Data below>

☆ ☆ ☆ ☆ ☆ ☆ ☆

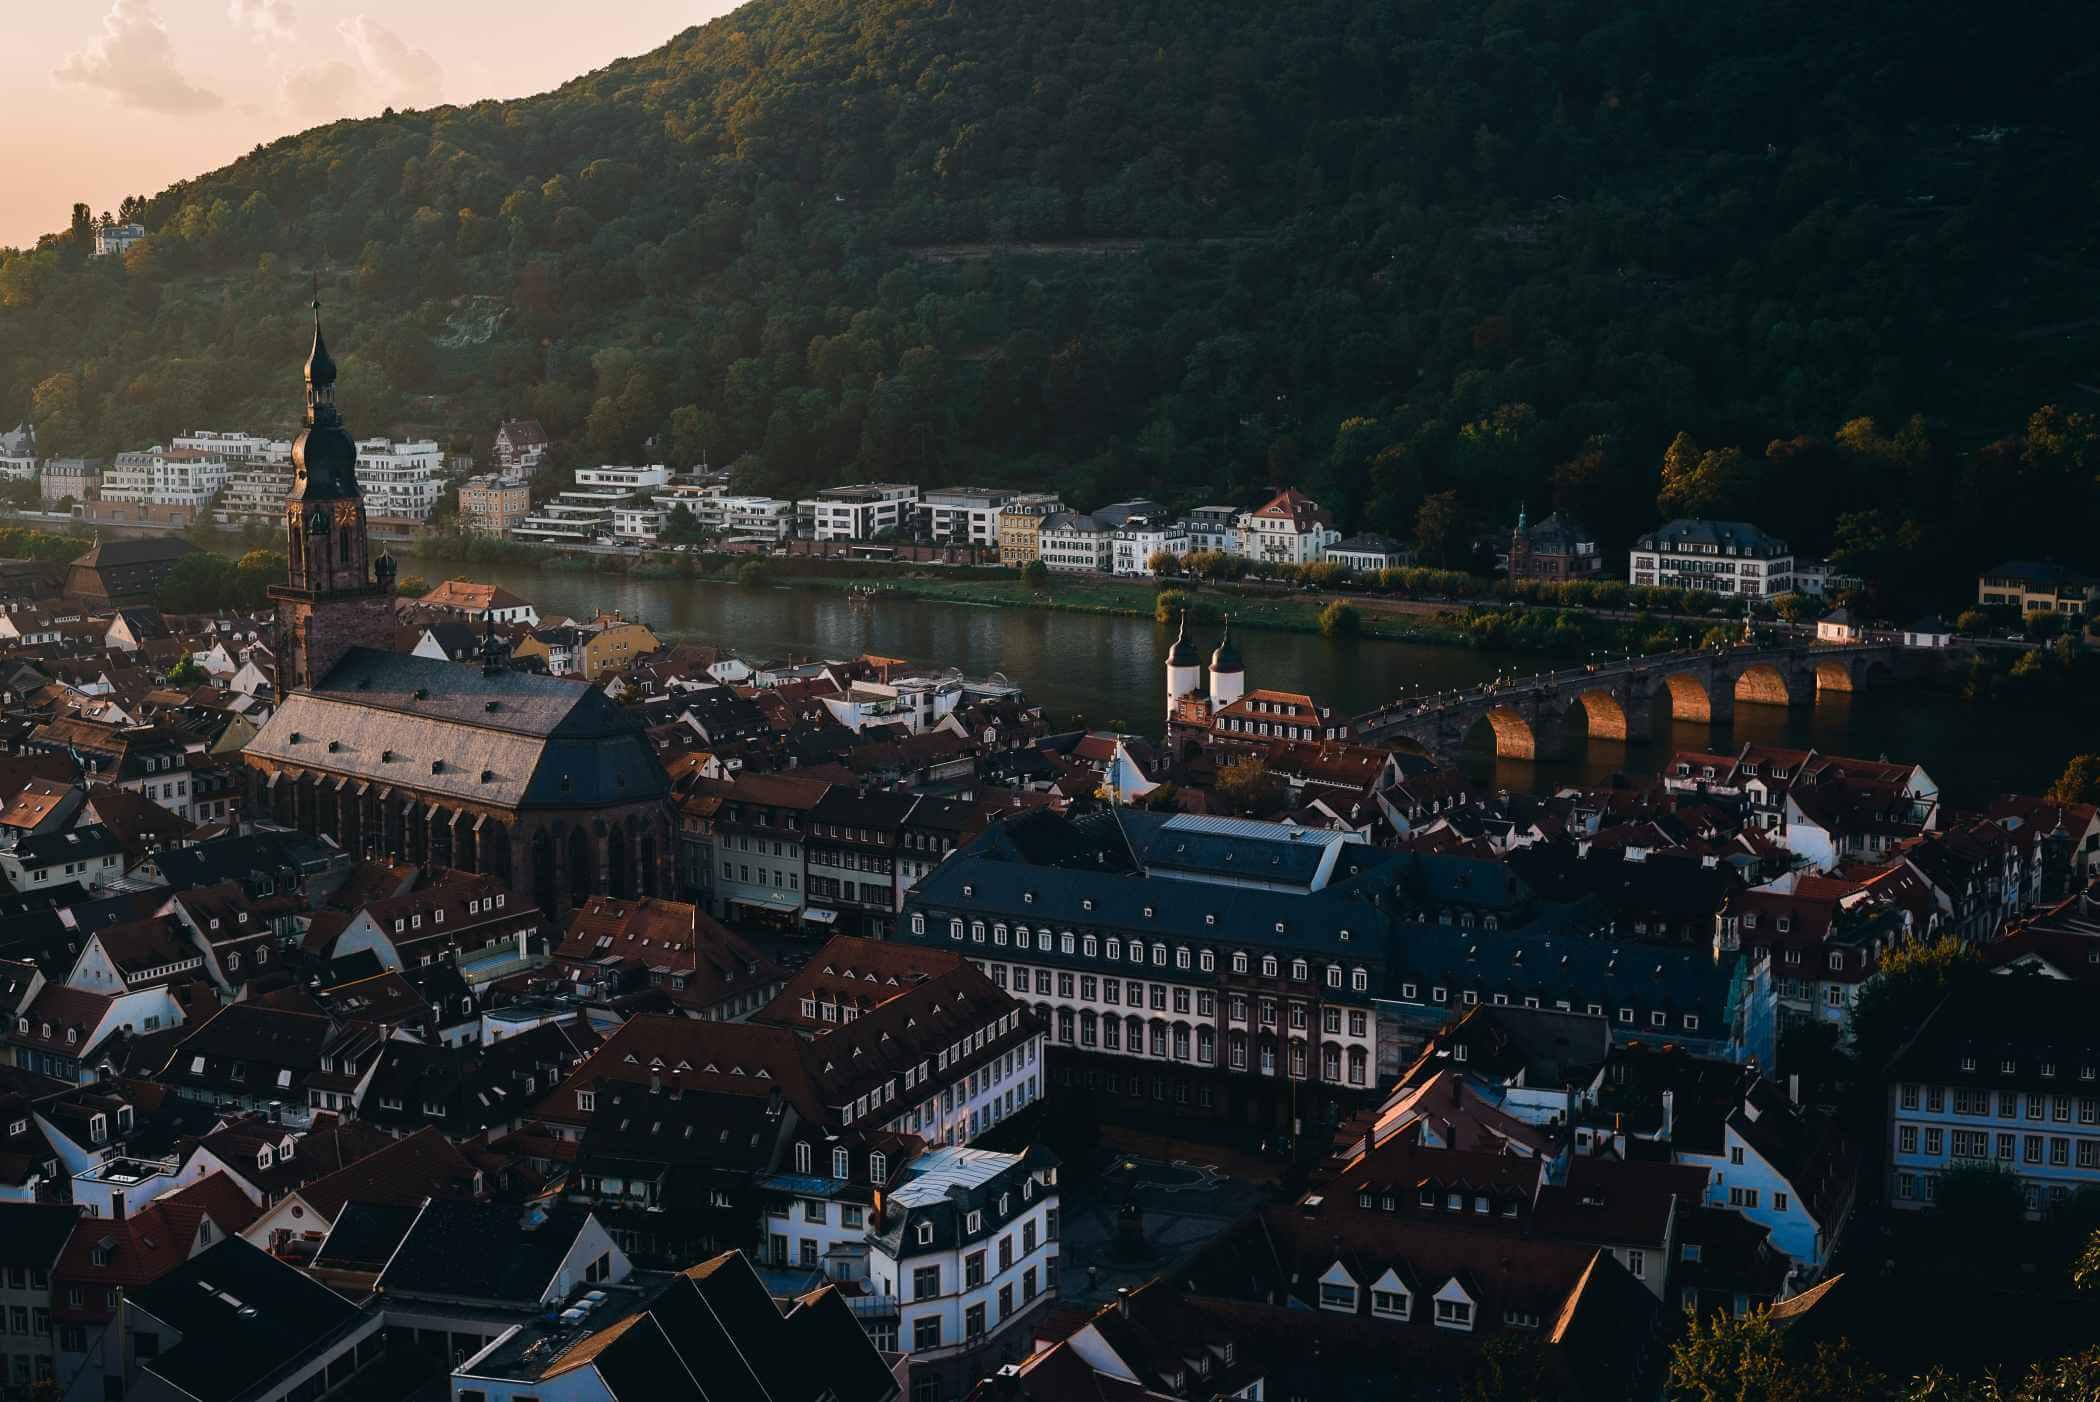 Impression zum Fotokurs in Bonn 2
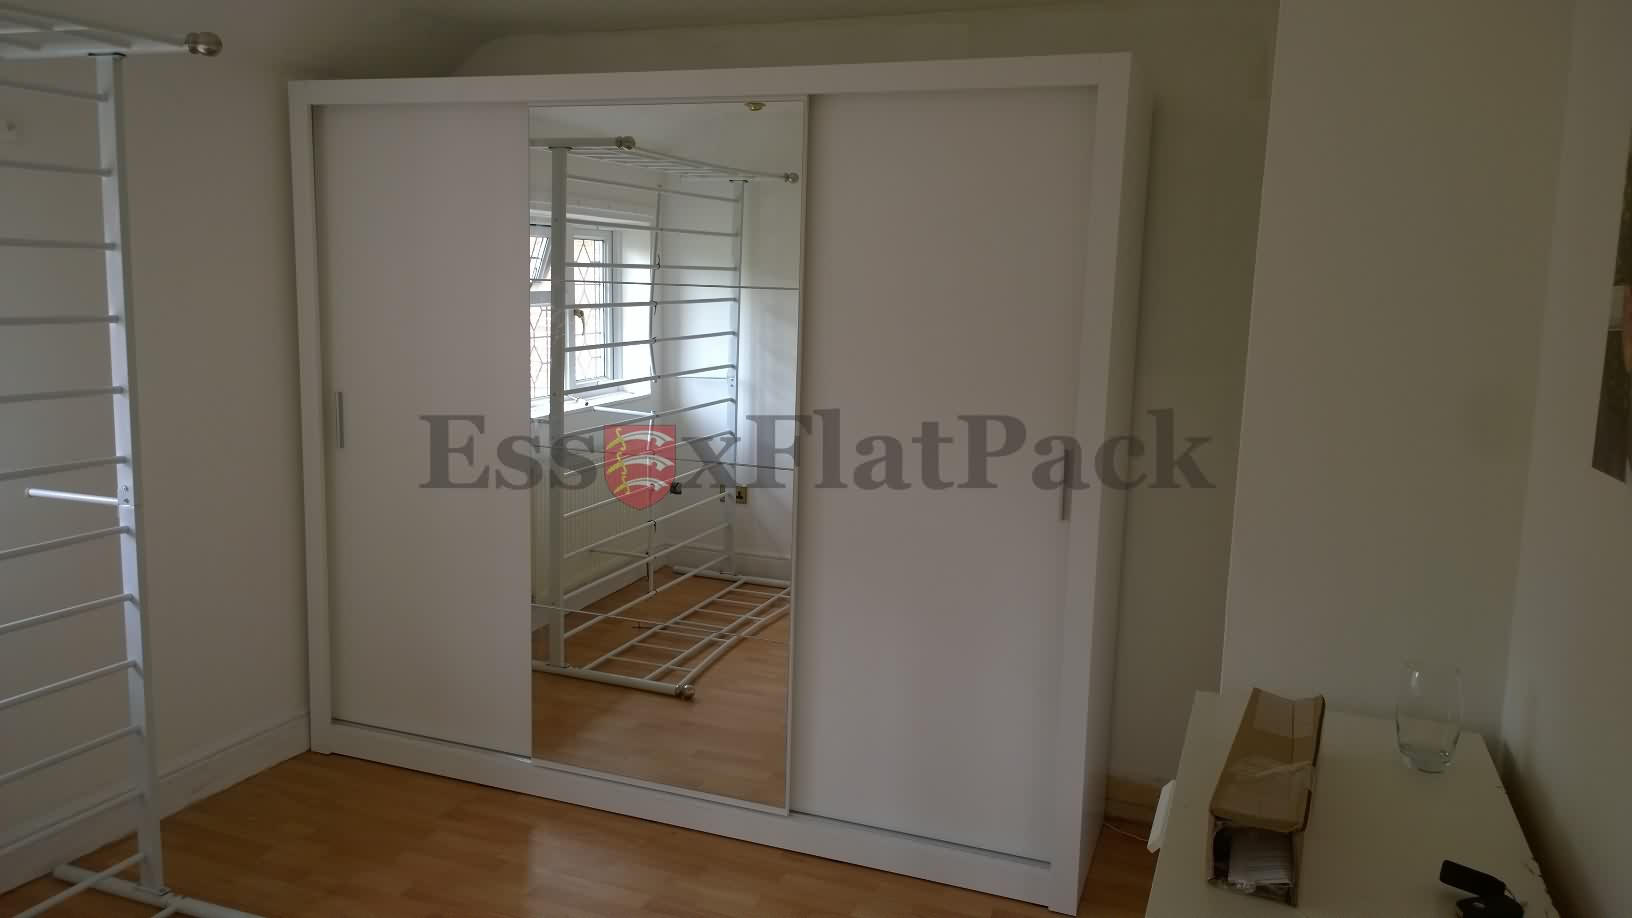 essexflatpack-furniture-20160820163326.jpg
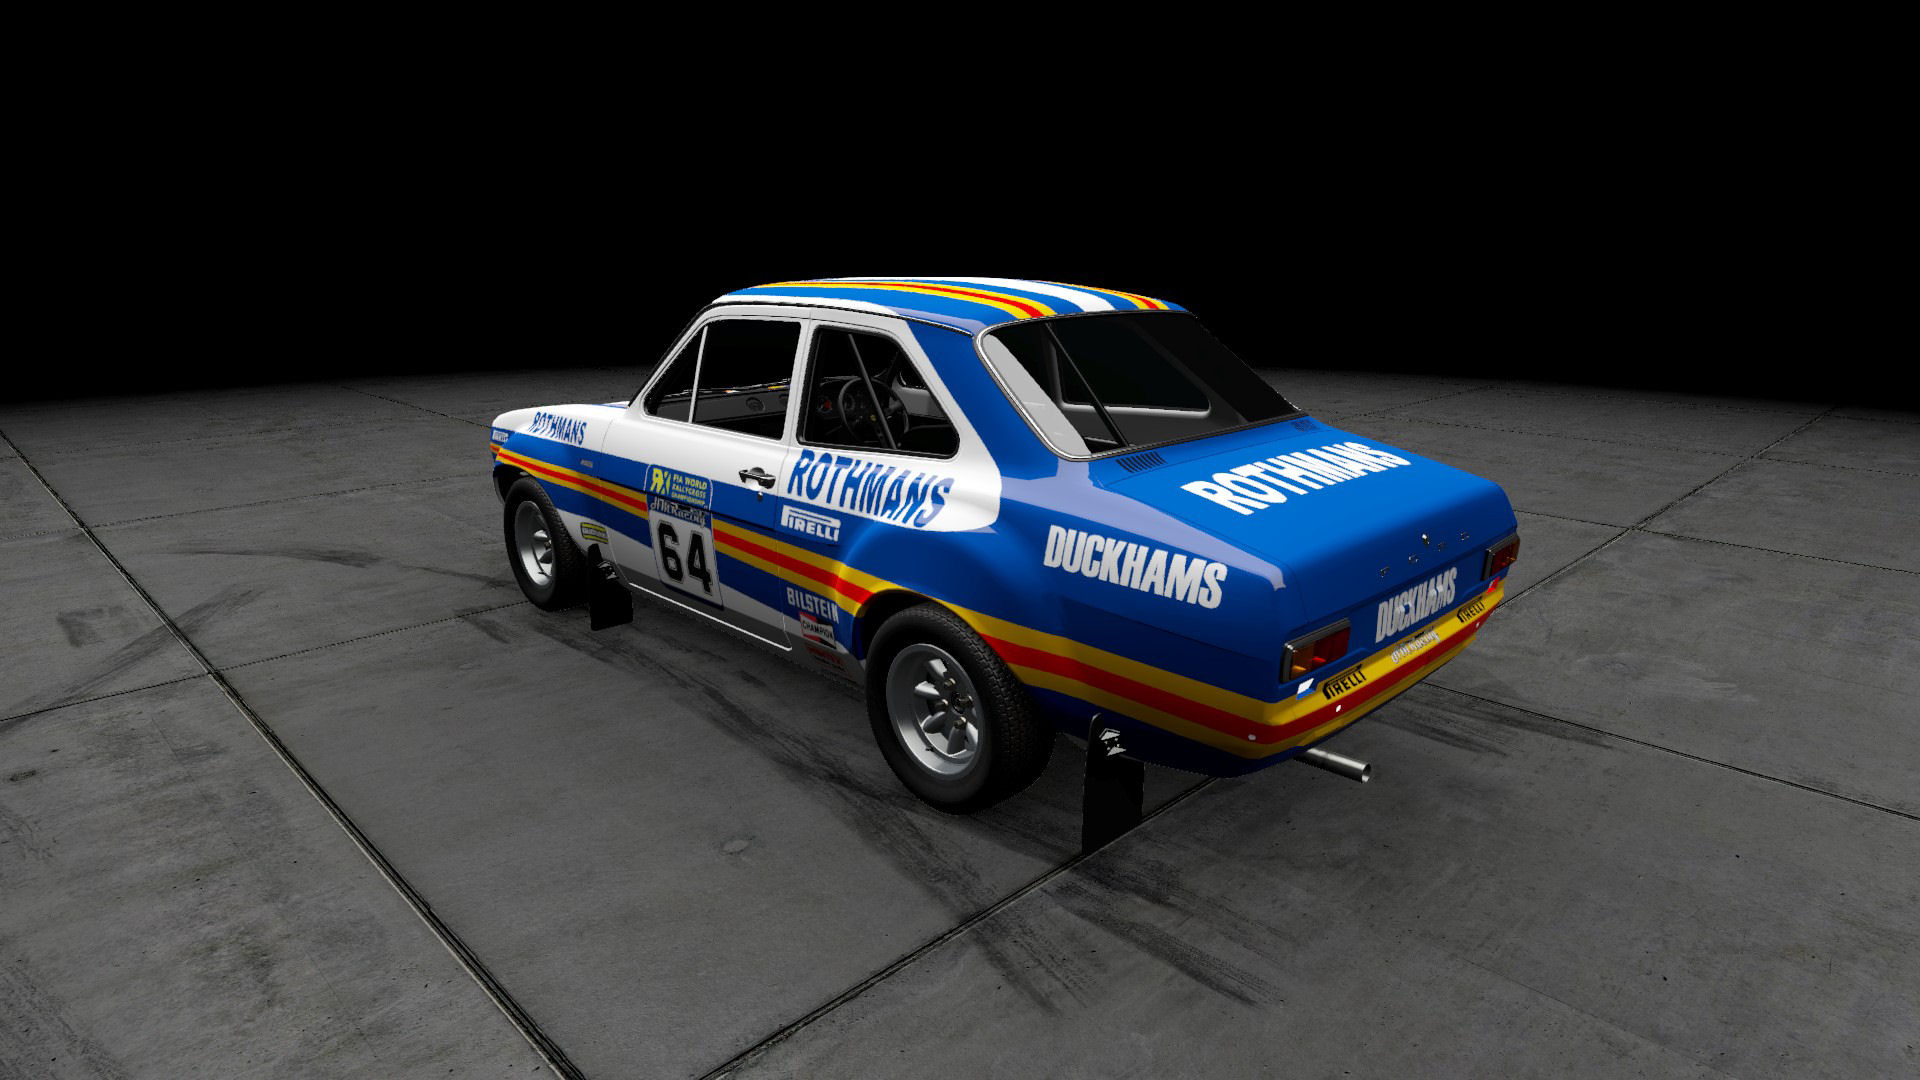 Ford Escort mk1 rx Rothmans 03.jpg

☆ ☆ ☆ ☆ ☆ ☆ ☆

Work item> Leave every image out when you return the material above word for word.

Written answer>
 Impression zum Fotokurs in Bonn 2
 essexflatpack-furniture-20160820163326.jpg
 Ford Escort mk1 rx Rothmans 03.jpg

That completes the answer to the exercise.